Lastly, in practice we can often lower bound $t_1$, because when an inspection happens and the machine is not broken we know that $t_1 \geq $ "previous inspection time". Any references (literature and/or implementation on left-truncated Hypoexponential distributions?
Any insights, alternative approaches, or references would be greatly appreciated!

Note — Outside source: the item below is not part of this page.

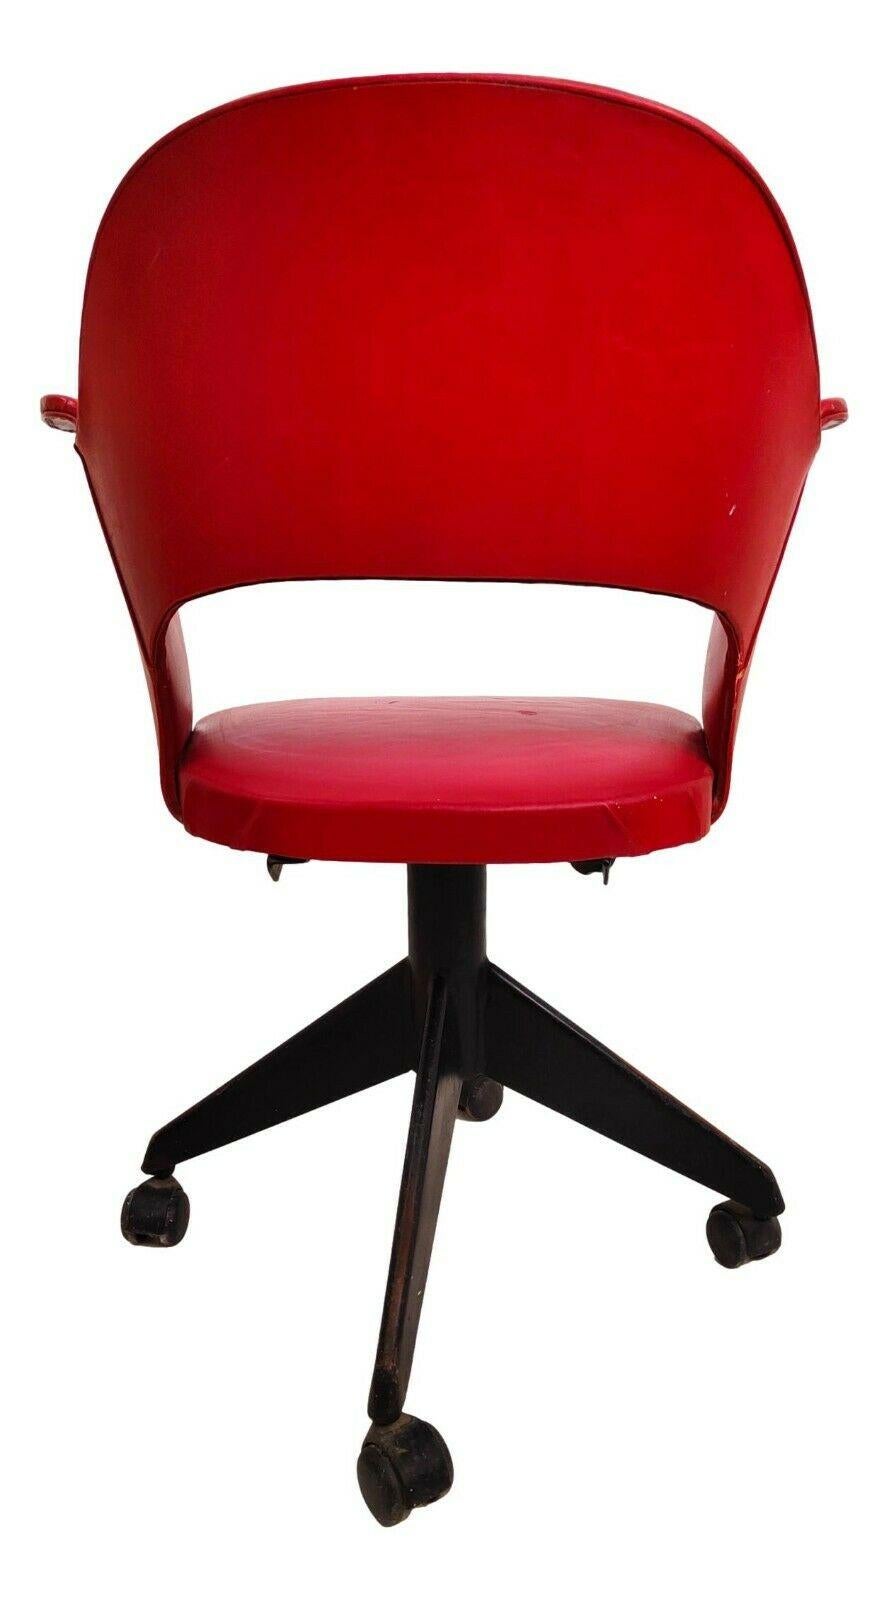 Italian Office Collection Chair Designed by Gastone Rinaldi for Rima Padova, 1960s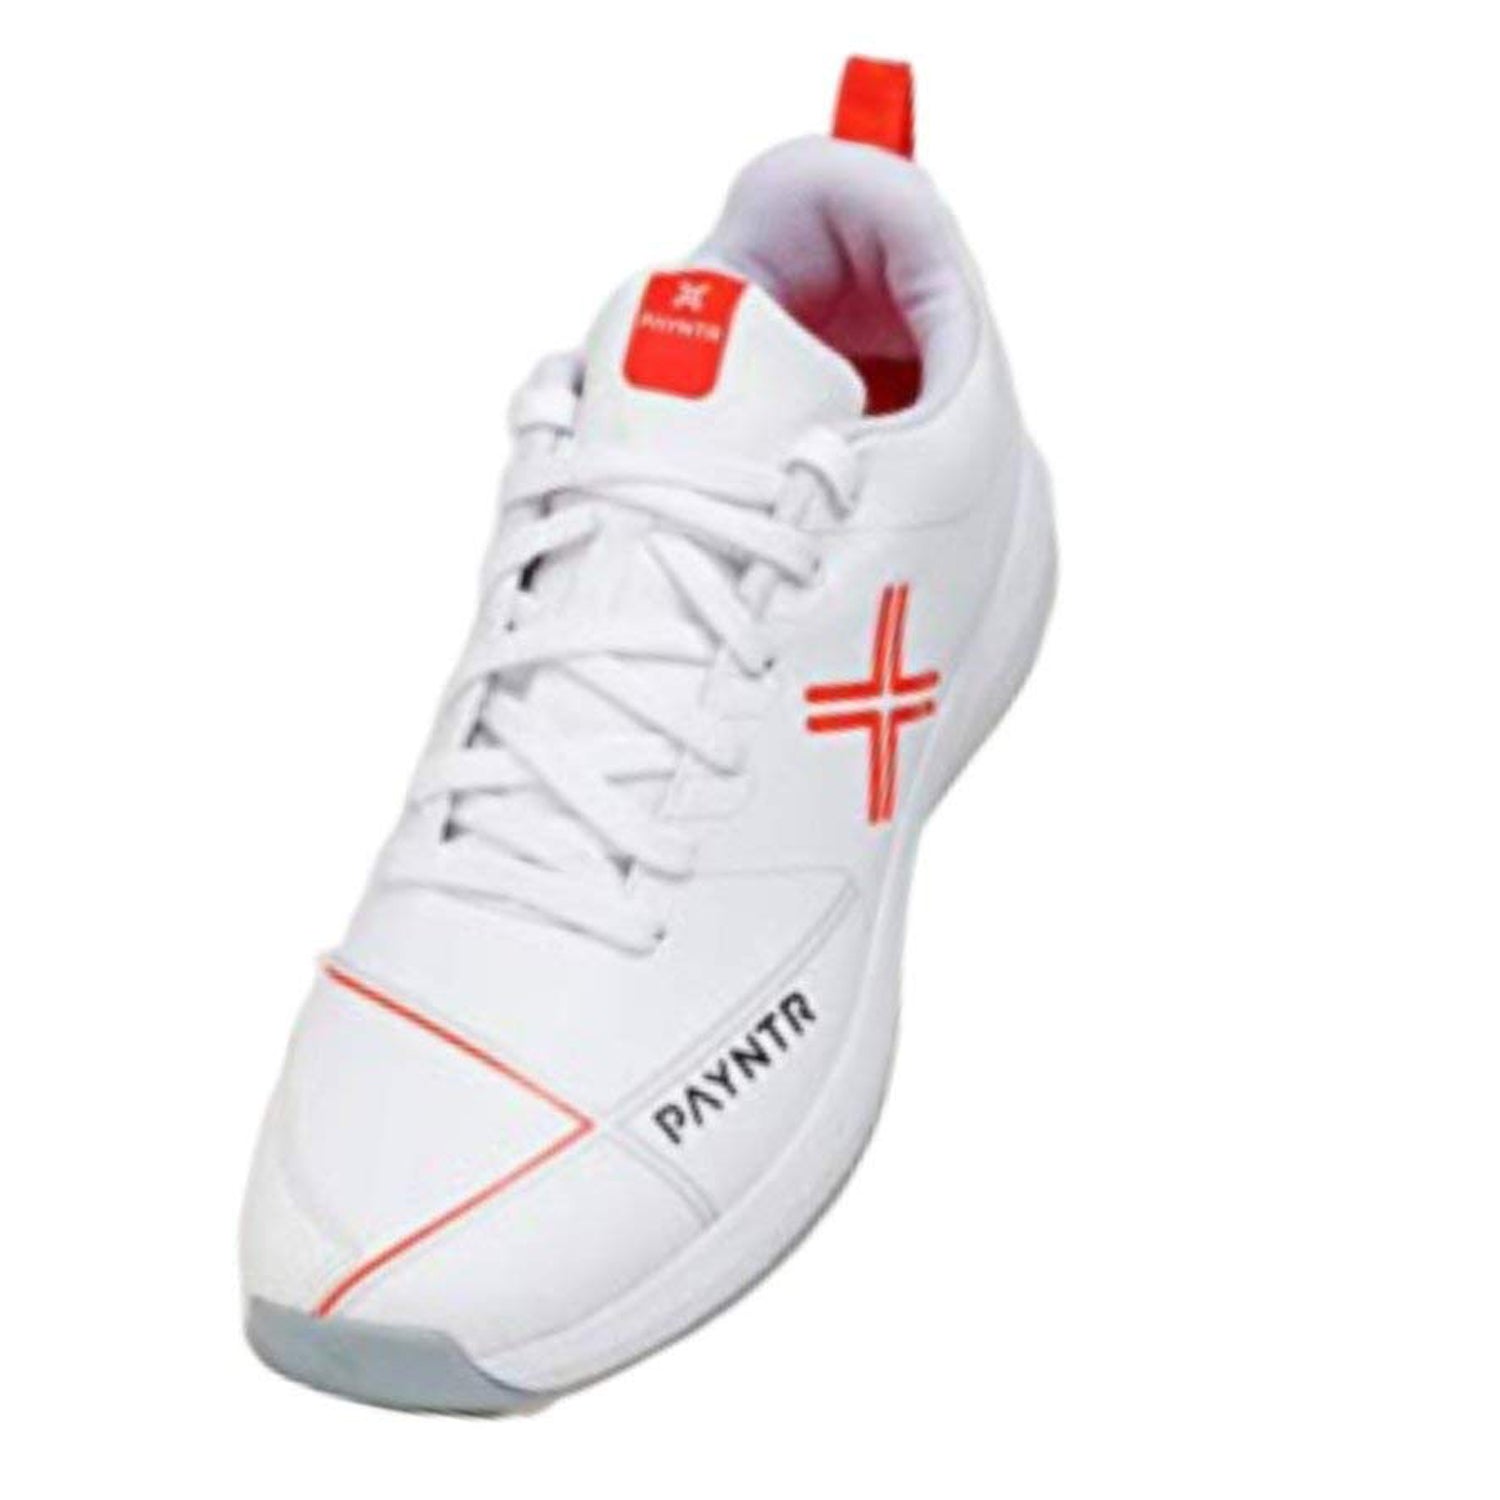 Payntr Spike Cricket Shoes, White - Best Price online Prokicksports.com

UPDATE: (after comment by EdM): Our current baseline model is currently a plain-vanilla interval censored survival model (Weibull) with lower bound = min(time from 0 to recent inspection w/o failure, 0) and upper bound = max(time until inspection found failure, $\infty$), and throwing all features into the model -- ignoring the information of knowing that some features can only affect $t_1$ and some can only affect $t_2$. Concern / question is that a) we lose information by ignoring the feature -> t1 / t2 relationship which seems very critical to the problem & justification for being able to infer $P(t_1| X, t)$ in the first place; b) at inference time, when using "remaining time to event", the predictions are necessarily in the future (we plan to switch to distributions on full real line, e.g., Normal, to avoid that), when using total time to event, predictions can be in the past, but at training time models overindex on "days since machine installed" feature as that's leaking information on the "total time" target and out-of-sample model metrics become "better" just by evaluating on times closer to the end of the lifecycle. Also a model "prediction" at time t, could still 'predict' a value that's << lower bound for the observed machine (just because the survival model got it wrong). That then creates an odd situation where, say, we are on day 100, we know a machine had the last inspection w/o failure on day 80, yet my interval censored survival model gives a prediction around day 40. I guess we'd have to incoroporate the lower bound for machine i also into the conditional distribution at inference time for that machine to avoid those cases.
Note: I asked a related question previously (How to estimate when an event of interest is overdue?), but framing this problem here differently and more aligned with existing survival / queuing theory literature.